Ellwein Alexander, Lill Helmut, Voigt Christine, Wirtz Pauline, Jensen Gunnar, Katthagen Jan Christoph
Traumatology and Reconstructive Surgery, Diakoniekrankenhaus Friederikenstift GmbH, Humboldtstr 5, 30169, Hannover, Germany,
Int Orthop. 2015 Apr;39(4):747-54. doi: 10.1007/s00264-014-2635-0. Epub 2014 Dec 23.
The purpose of this study was to evaluate and compare the results after double locking plate osteosynthesis (ORIF) and total elbow arthroplasty (TEA) in AO type C fractures of the distal humerus.

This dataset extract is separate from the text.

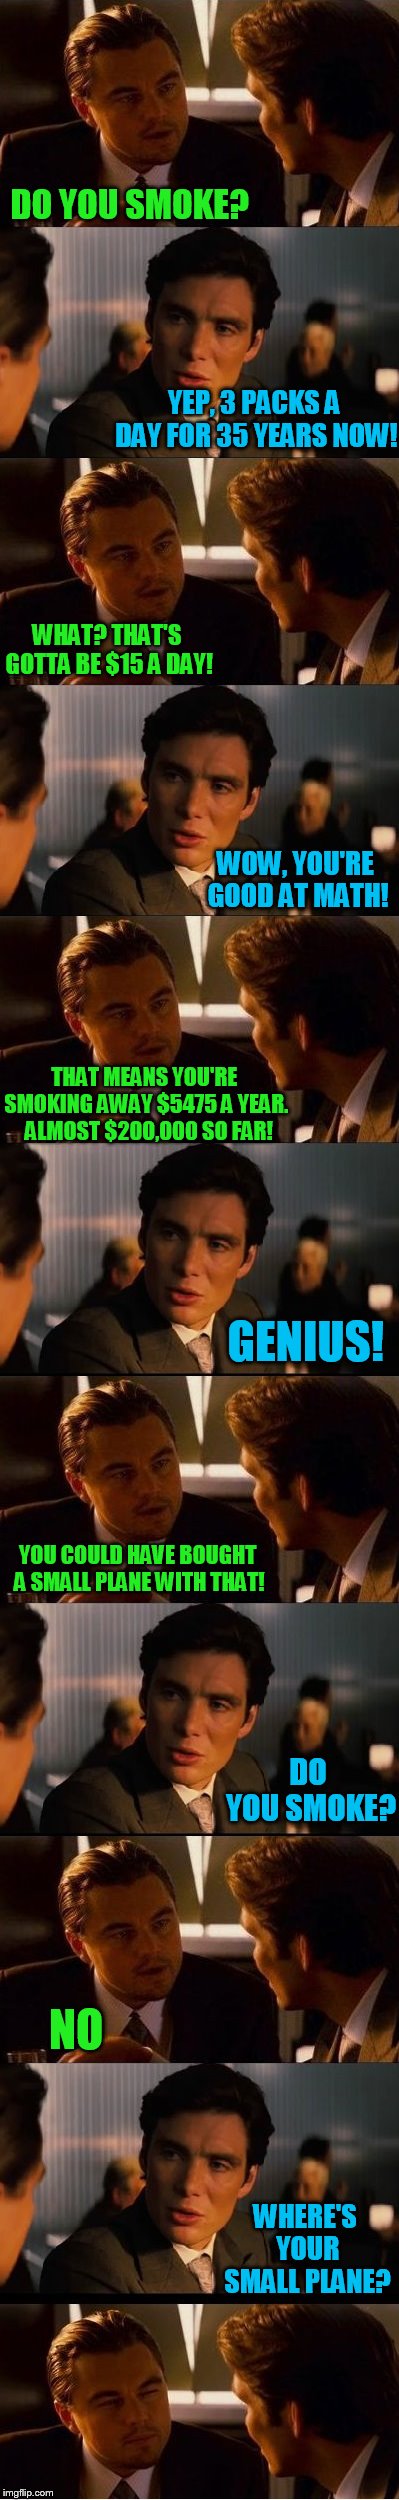 When you look at it that way.. | DO YOU SMOKE? YEP, 3 PACKS A DAY FOR 35 YEARS NOW! WHAT? THAT'S GOTTA BE $15 A DAY! WOW, YOU'RE GOOD AT MATH! THAT MEANS YOU'RE SMOKING AWAY $5475 A YEAR.  ALMOST $200,000 SO FAR! GENIUS! YOU COULD HAVE BOUGHT A SMALL PLANE WITH THAT! DO YOU SMOKE? NO; WHERE'S YOUR SMALL PLANE? | image tagged in smoking,hokeewolf is bored at work today | made w/ Imgflip meme maker

This retrospective study includes clinical results of 29 patients (9xTEA, 20xORIF) with a mean age of 62 years. The male to female ratio was 8:21. Range of motion, MEPS, DASH and complications were evaluated. Patients older than 60 years (n = 19) were filtered and compared statistically.
After a mean follow-up of 25 months the ORIF-group reached an extension-flexion of 99°±23° and the TEA-group of 111°±13°. The ORIF-group vs. the TEA-group had a mean MEPS of 85±17 vs. 94±11 and DASH of 34±24 vs. 24±12. In patients older than 60 years extension-flexion was 97°±23° after ORIF and 110°±14 after TEA (p = 0.237). The ORIF-group vs. the TEA-group had a mean MEPS of 82±21 vs. 94±11 (p = 0.078) and DASH of 45±18 vs. 26±11 (p = 0.023). The ORIF-group had a 4.4 times higher risk for major complications.
TEA and ORIF lead to comparable functional results, but major complications are more common after ORIF. Despite this, ORIF remains the gold standard for younger and older patients because of the lifelong loading limitation after TEA, unknown implant survival and problematic revision surgery. For patients older than 60 years a primary TEA can be recommended in exceptional cases, if the loading limitation is acceptable for the individual or the fracture is not reconstructable.
本研究旨在评估和比较双锁定钢板接骨术(切开复位内固定术,ORIF)和全肘关节置换术(TEA)治疗肱骨远端AO C型骨折后的结果。
这项回顾性研究纳入了29例平均年龄62岁的患者(9例行TEA,20例行ORIF)。男女比例为8:21。评估了活动范围、梅奥肘关节功能评分(MEPS)、上肢功能障碍评分(DASH)及并发症情况。对年龄大于60岁的患者(n = 19)进行筛选并进行统计学比较。
平均随访25个月后,ORIF组的屈伸活动度为99°±23°,TEA组为111°±13°。ORIF组与TEA组的平均MEPS分别为85±17和94±11,DASH分别为34±24和24±12。在年龄大于60岁的患者中,ORIF术后屈伸活动度为97°±23°,TEA术后为110°±14°(p = 0.237)。ORIF组与TEA组的平均MEPS分别为82±21和94±11(p = 0.078),DASH分别为45±18和26±11(p = 0.023)。ORIF组发生主要并发症的风险高4.4倍。
TEA和ORIF可带来相当的功能结果,但ORIF术后主要并发症更为常见。尽管如此,由于TEA术后存在终身负荷限制、植入物存活情况不明及翻修手术存在问题,ORIF仍是年轻和老年患者的金标准。对于年龄大于60岁的患者,在特殊情况下,如果个体能接受负荷限制或骨折无法重建,可推荐一期行TEA。